Костенко подумал, что девушке здесь одиноко; наверное, приехала по распределению, романтика понятия «журнализм» сменилась правдой буден, а к ней, к правде, надо уметь приспособиться, лишь в этом случае можно вернуться к поэтике первого представления, иначе – могила, потерянный человек. Костенко был убежден, что одержимость в профессии, или, точнее, одержимость профессией, дает людям счастье, лишь это, да еще дети. Ну и конечно, любовь, если она смогла стать «затянувшимся диалогом», то есть перейти в дружество. В любовь до гробовой доски Костенко не верил, считал это сказочкой, сочиненной автором с дурным вкусом. Одержимость заставляет смотреть, как писал Маяковский, «через головы народов и правительств», вырабатывает в человеке уверенность в своей нужности д е л у, проводит его мимо тех мелочей, которые, конечно же, досадны, доводят порою до бешенства; те, которые не одержимы, отдают всего себя именно этим мелочам, и жизнь – огромная, сложная, трудная – проходит мимо них; воистину, взгляд снизу даже трехэтажный дом делает небоскребом, нельзя смотреть снизу, надо на век смотреть как на равного, глаз в глаз, тогда только толк получится…

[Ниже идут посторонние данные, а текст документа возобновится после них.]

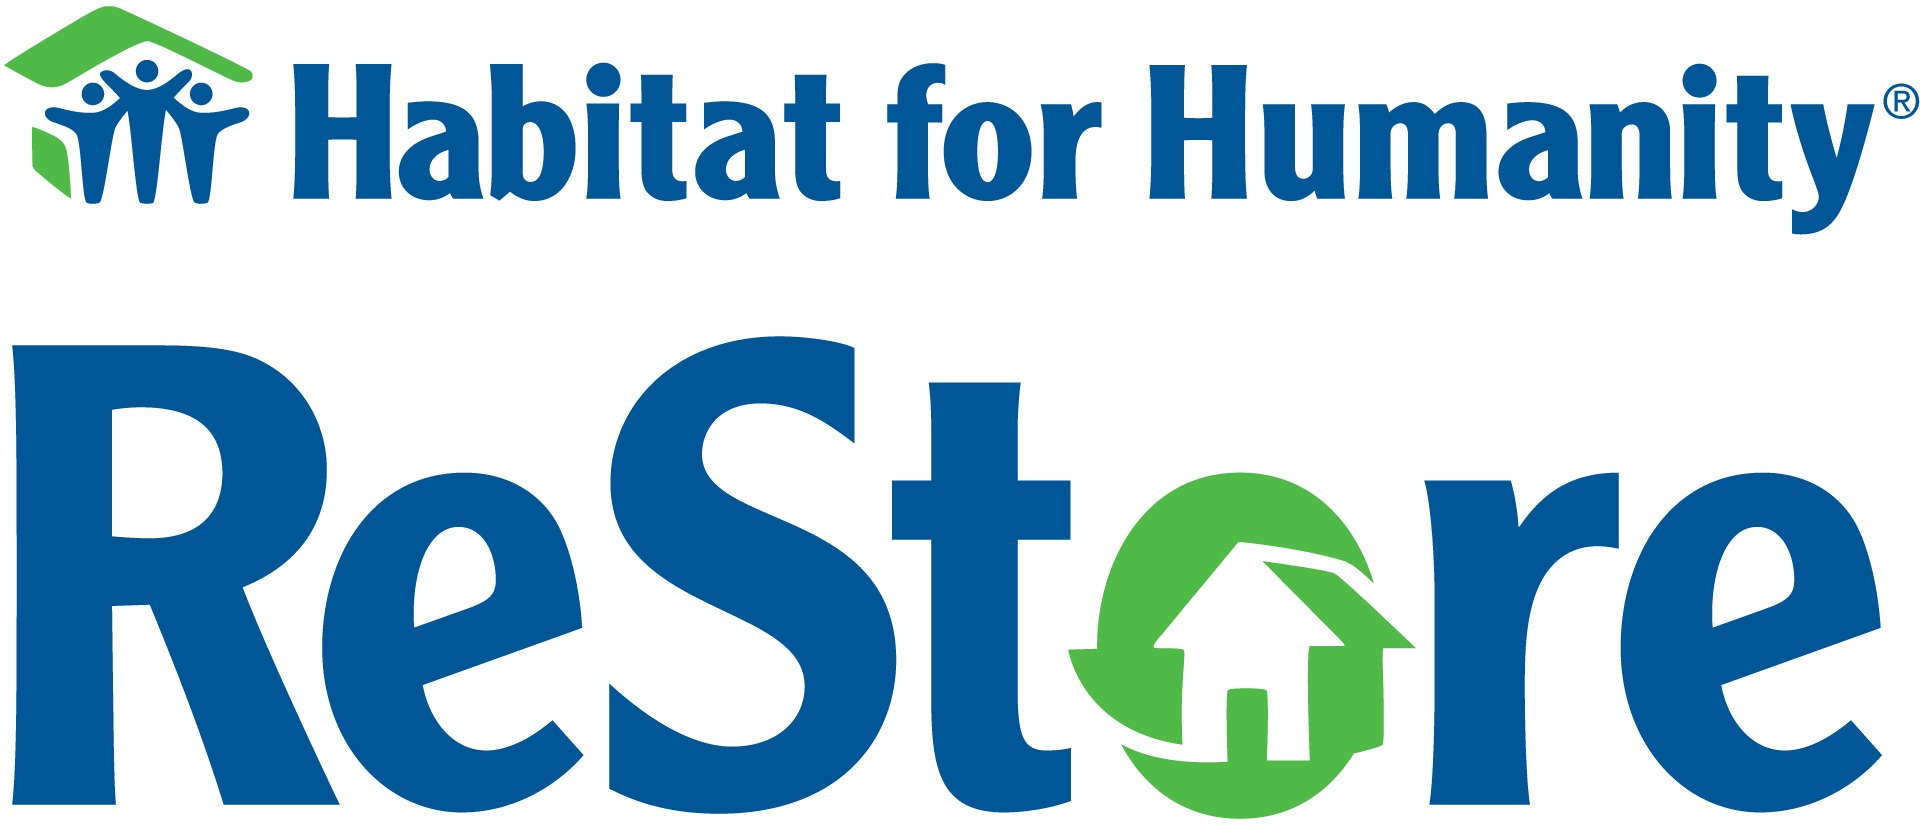 restore logo new hi res habitat for humanity prince william county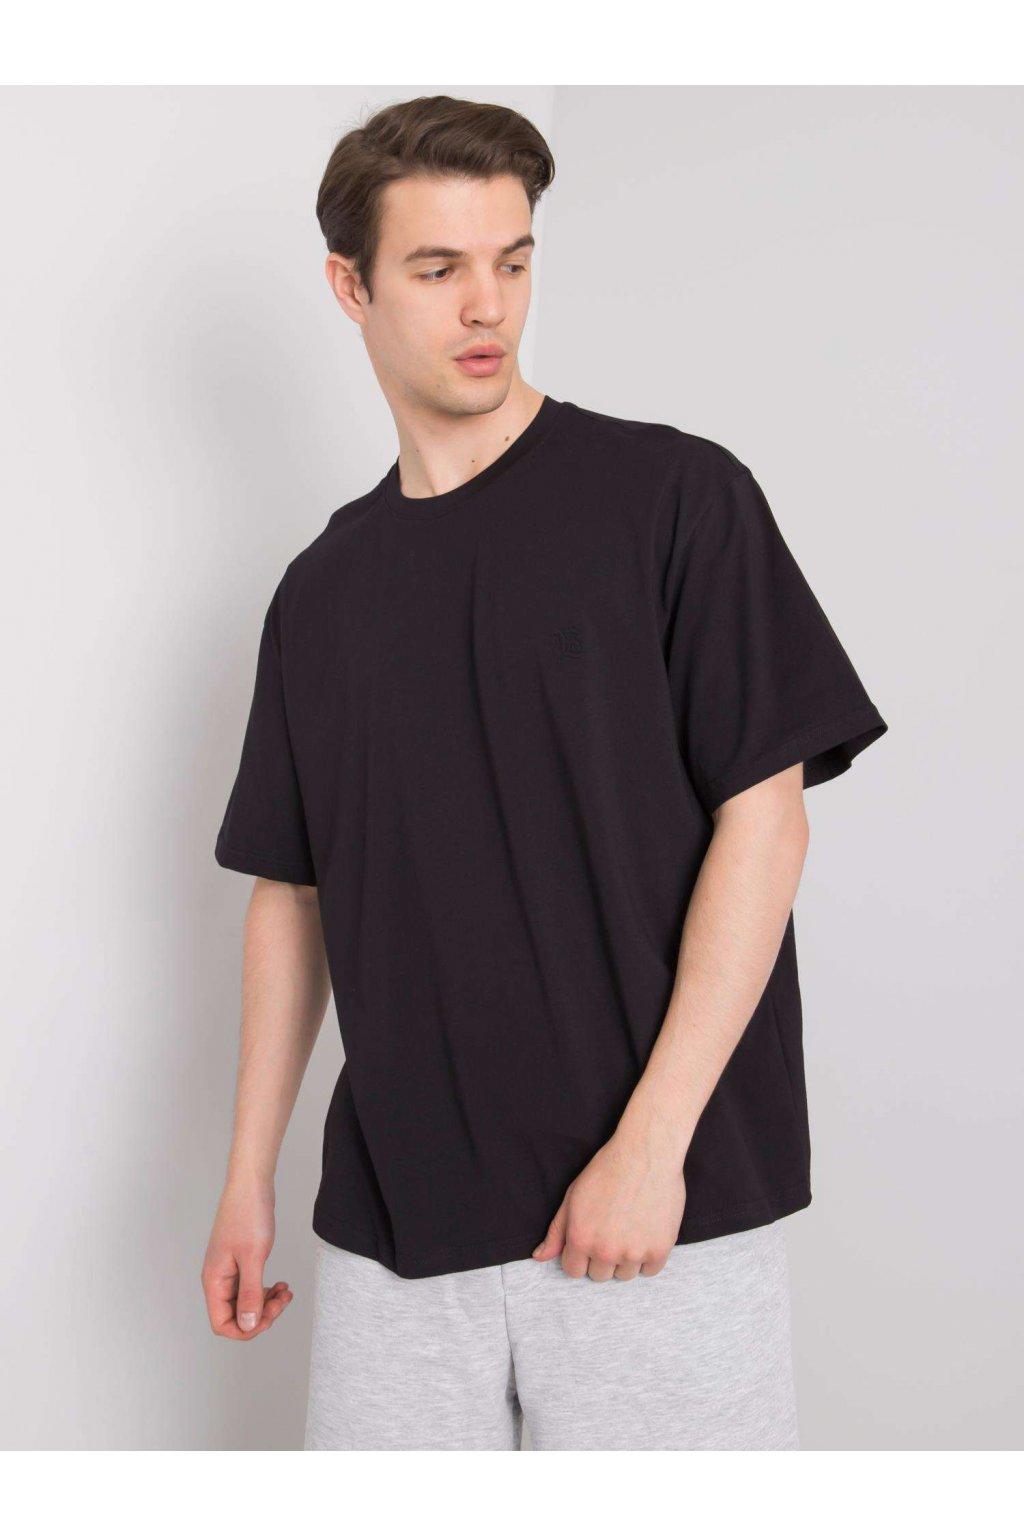 Pánske tričko t-shirt kód TSKK-Y21-0000229

«А если я к ней приеду, будет плохо, – думал Костенко, шагая с девушкой по темному коридору. – Мужики моего возраста нравятся, сейчас на нас мода, а я завтра улечу, зачем же все? Хотя, может, я проецирую себя на нее? Они рациональнее нас, лишены того сентиментального истеризма, которым отмечены некоторые особи женского пола в нашем поколении. Больше всего боялись „разрушить семью“; „поцеловал – женись“. Жили тяжко, все хотели гарантий, особенно женщины, это к ним от матерей пришло, от матерей, которые знали, что такое голод и безотцовщина не по книгам наших литературных плакальщиков, они это на своих плечах вынесли, поэтому в их дочек впиталось с молоком: „Держи, не пускай, терпи, что угодно, только б рядом был мужик – какой-никакой, а все же мужик“. Нынешнее поколение стало умнее, сытые они, обутые и одетые, ищут душу, а не плечи, на которые наброшены вожжи».
И – неожиданно для себя – Костенко предложил:
– Кира, вы позвоните мне сюда завтра, ладно? Или в отель. Если освободится часик – попьем кофе.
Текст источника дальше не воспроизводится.